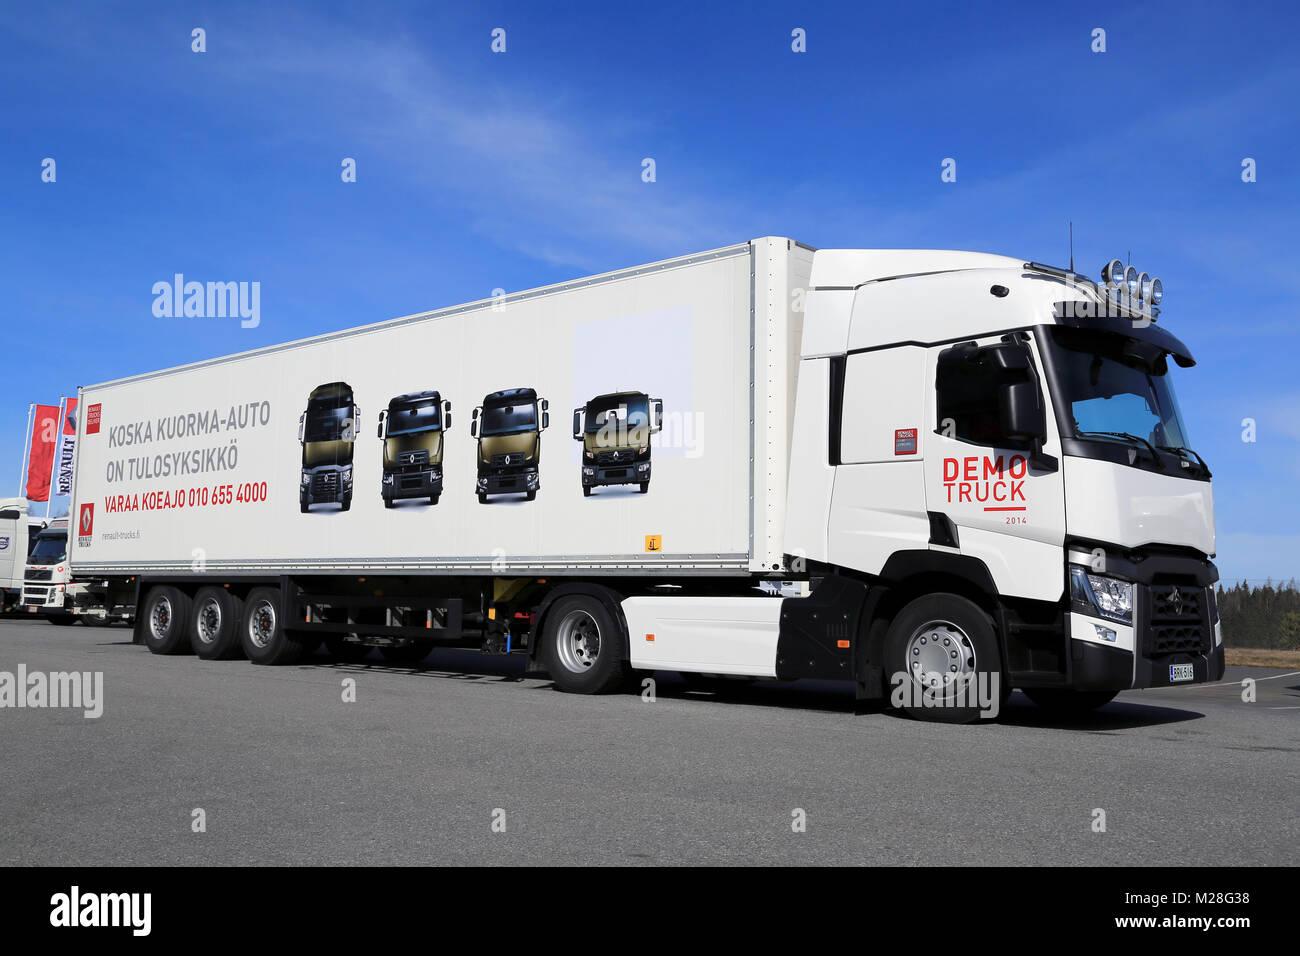 LIETO FINLAND - APRIL 5 2014: Renault Trucks presents the new Stock Photo: 173521244 - Alamy
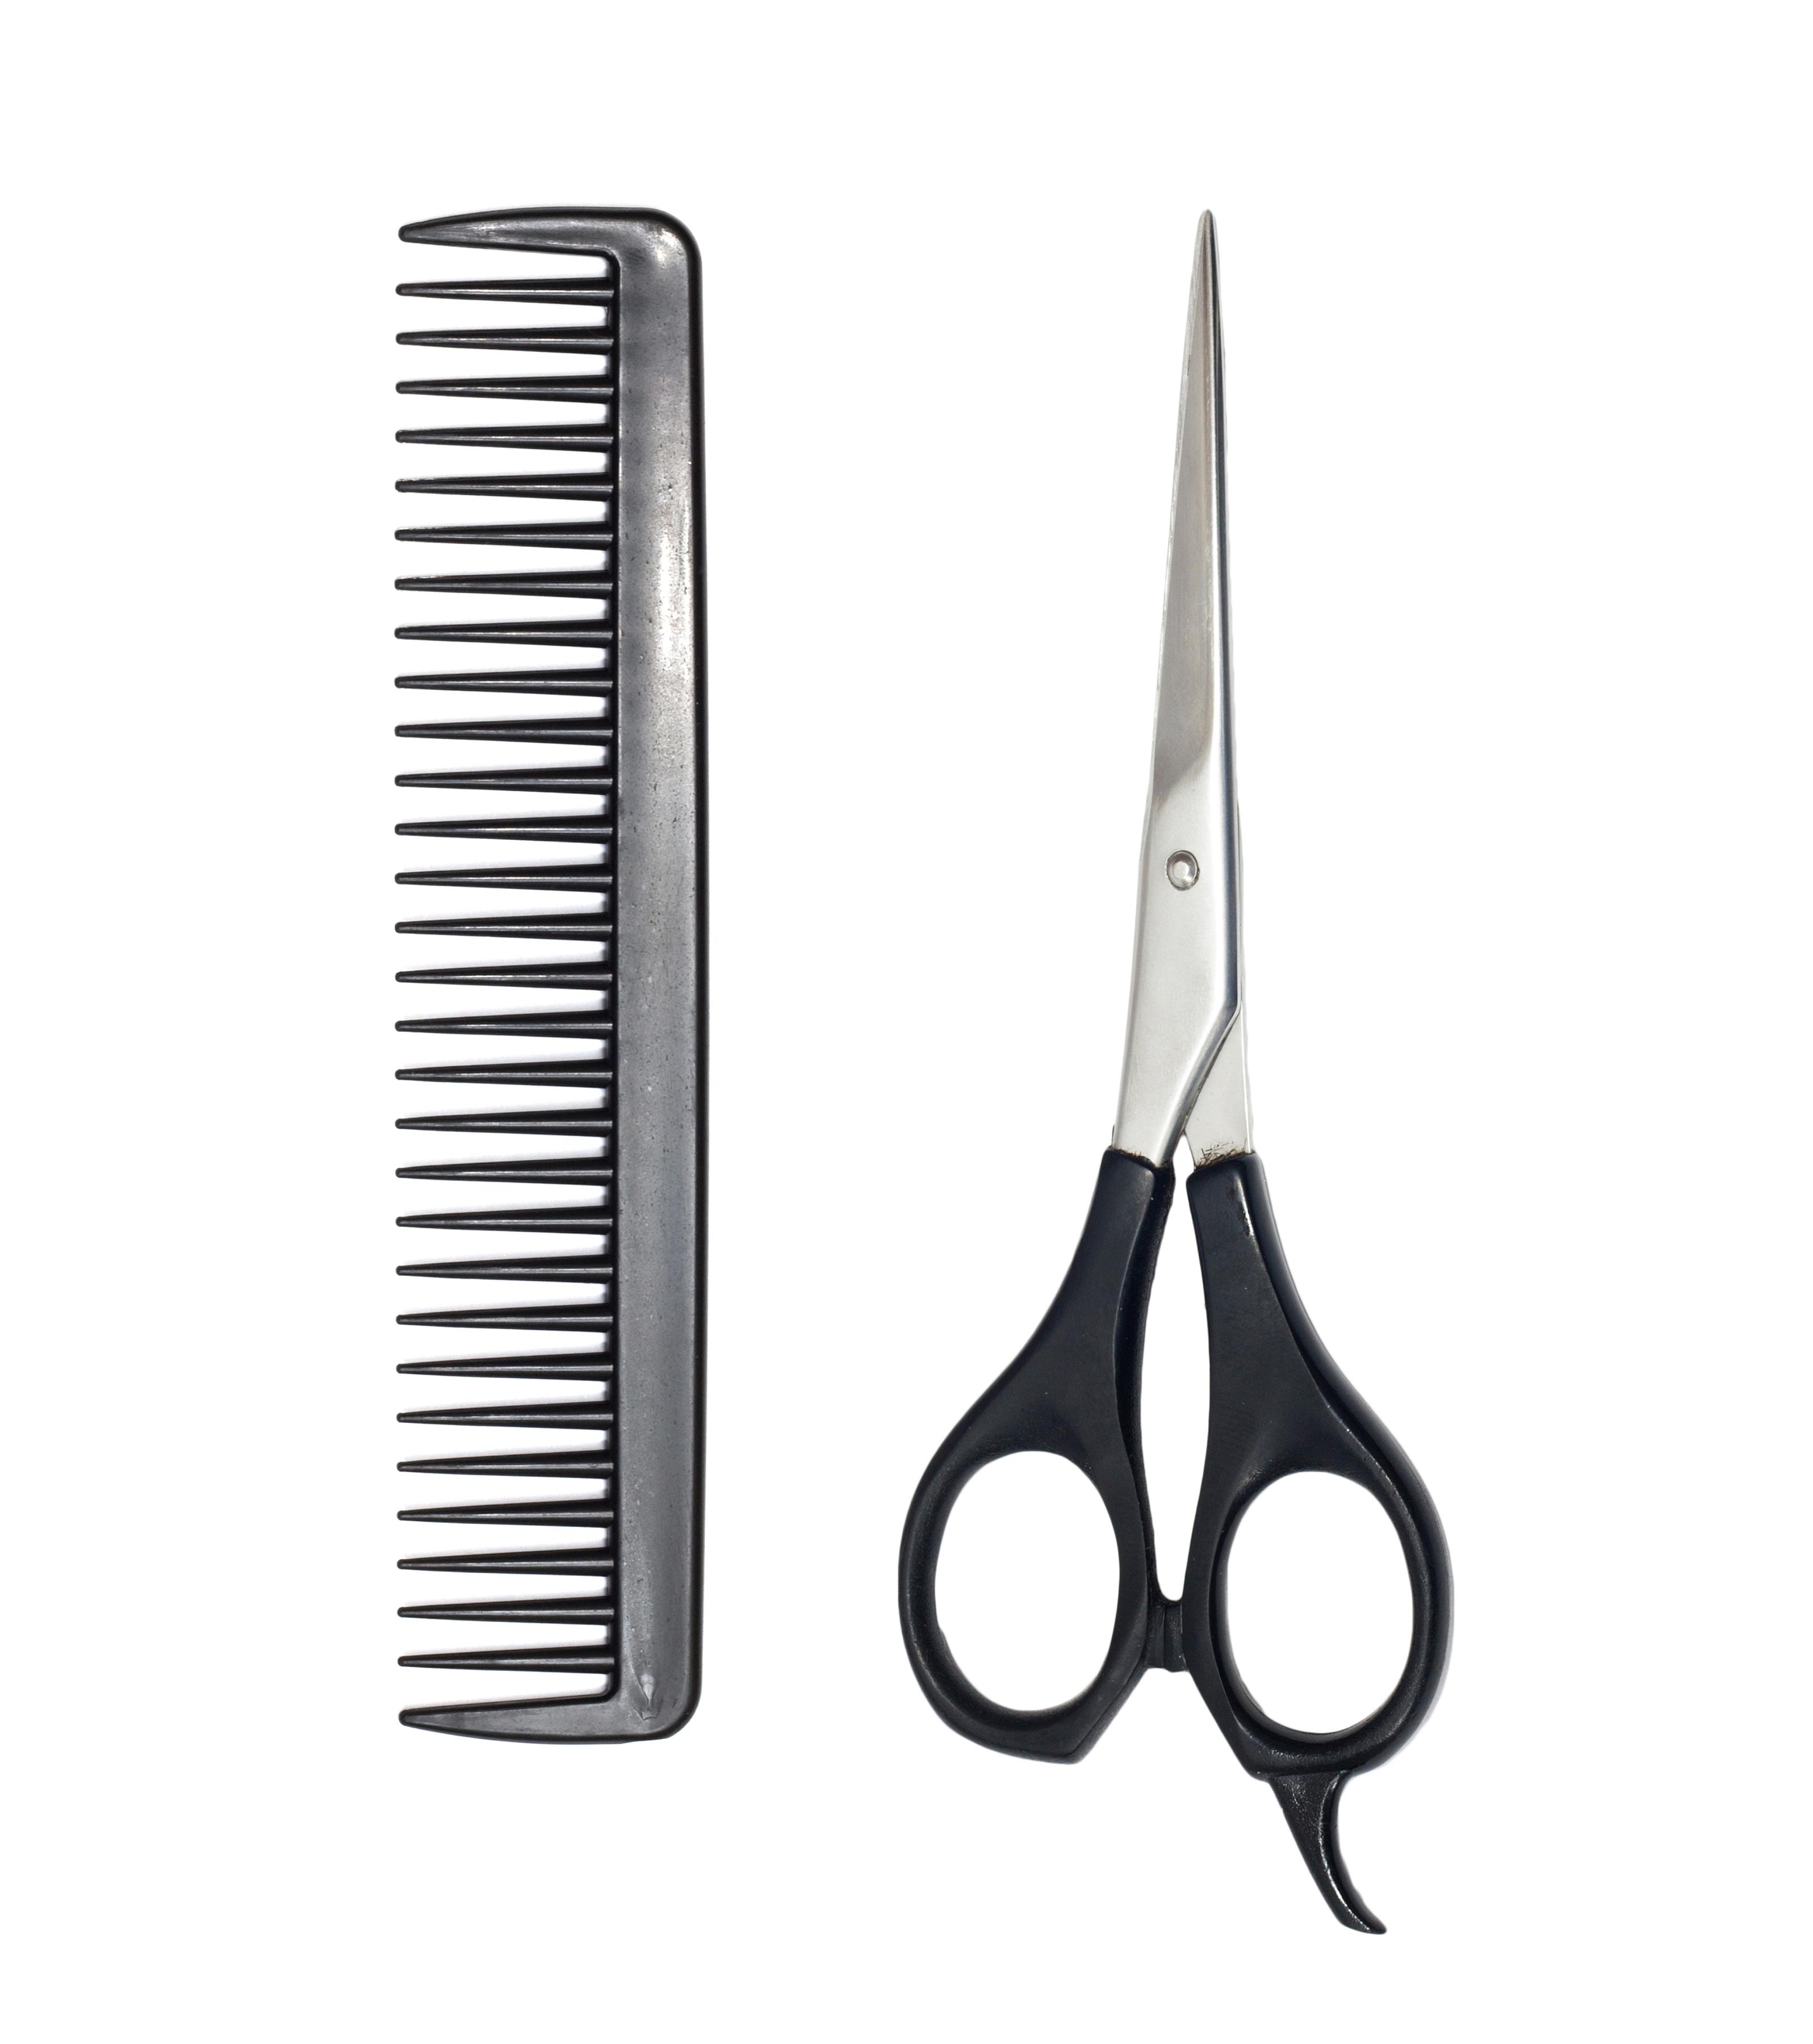 Comb And Scissors Clipart image.
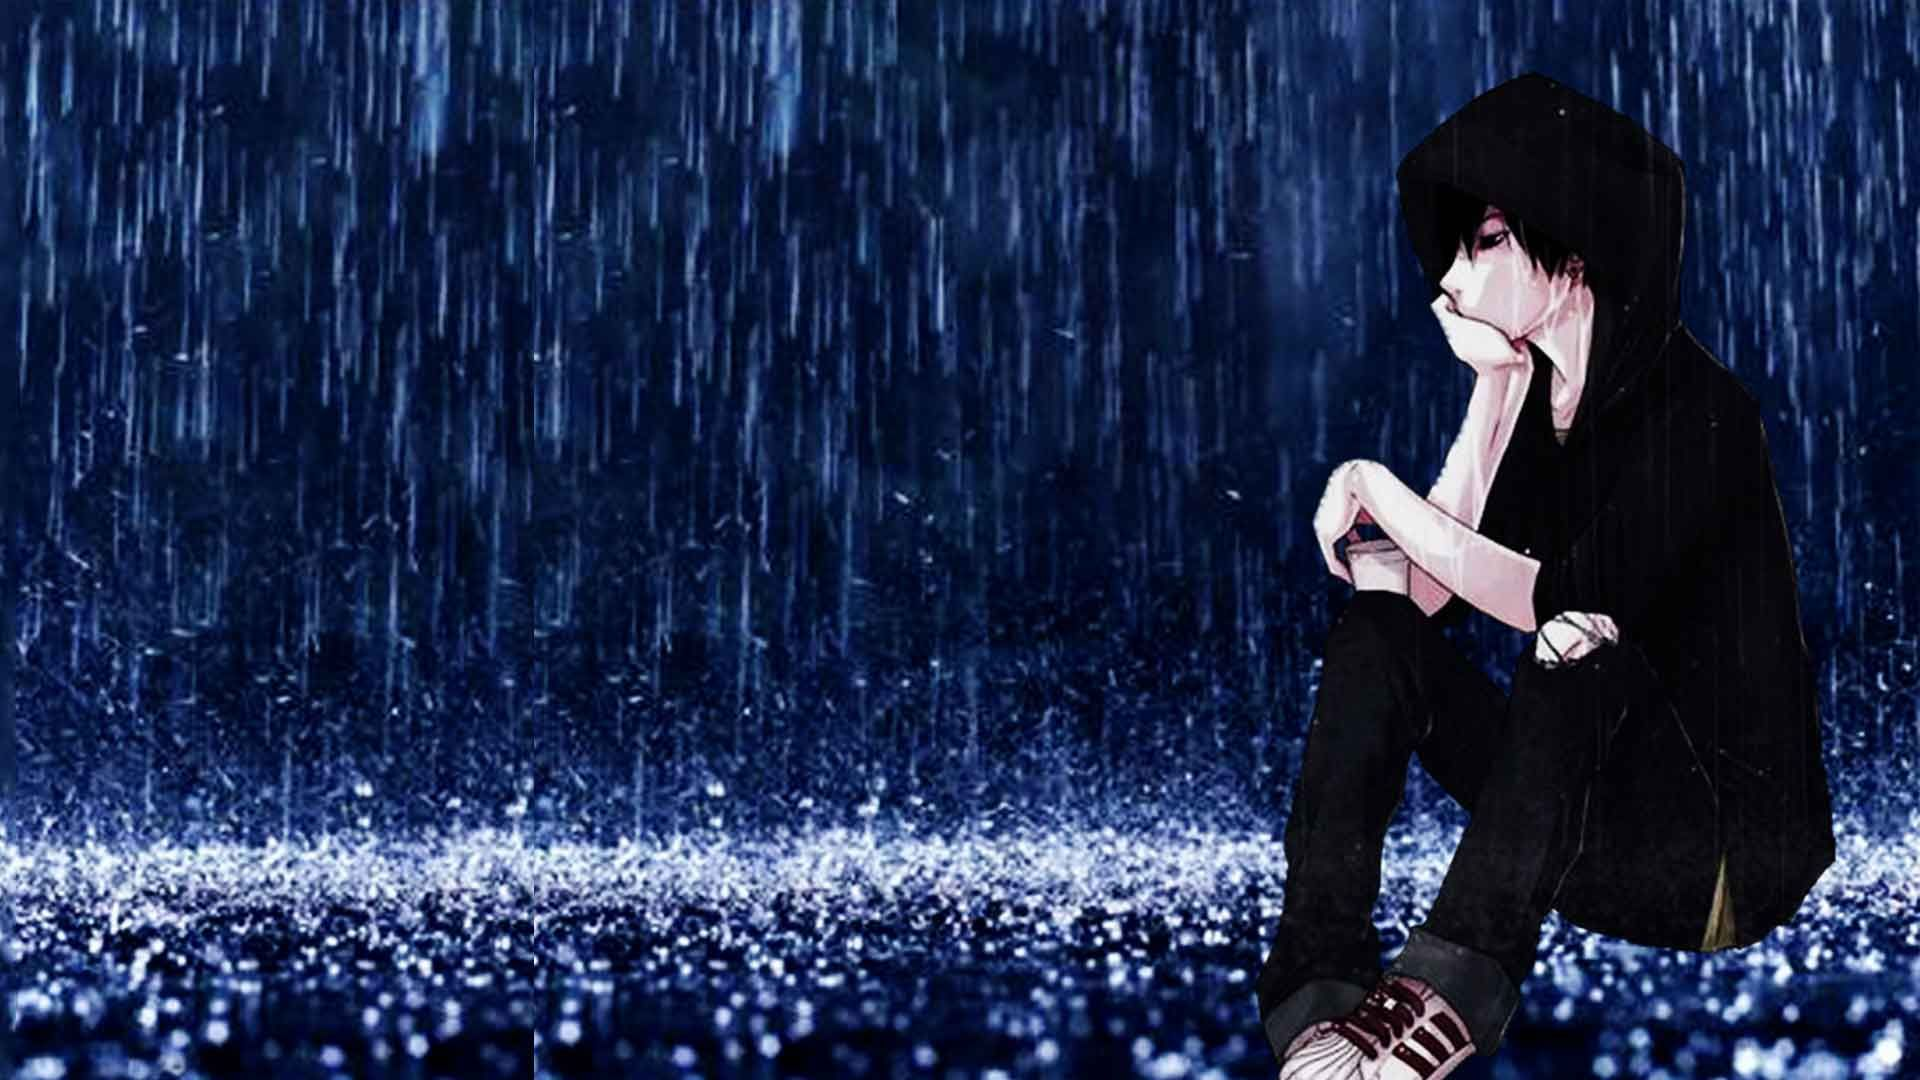 Sad anime boy images sad cartoon boy alone pic sadever
★ ★ ★ ★ ★ ★ ★
Work request
Retype the listing exactly. Skip every picture.

Finished exercise
 LIETO FINLAND - APRIL 5 2014: Renault Trucks presents the new Stock Photo: 173521244 - Alamy
 Comb And Scissors Clipart image.
 Sad anime boy images sad cartoon boy alone pic sadever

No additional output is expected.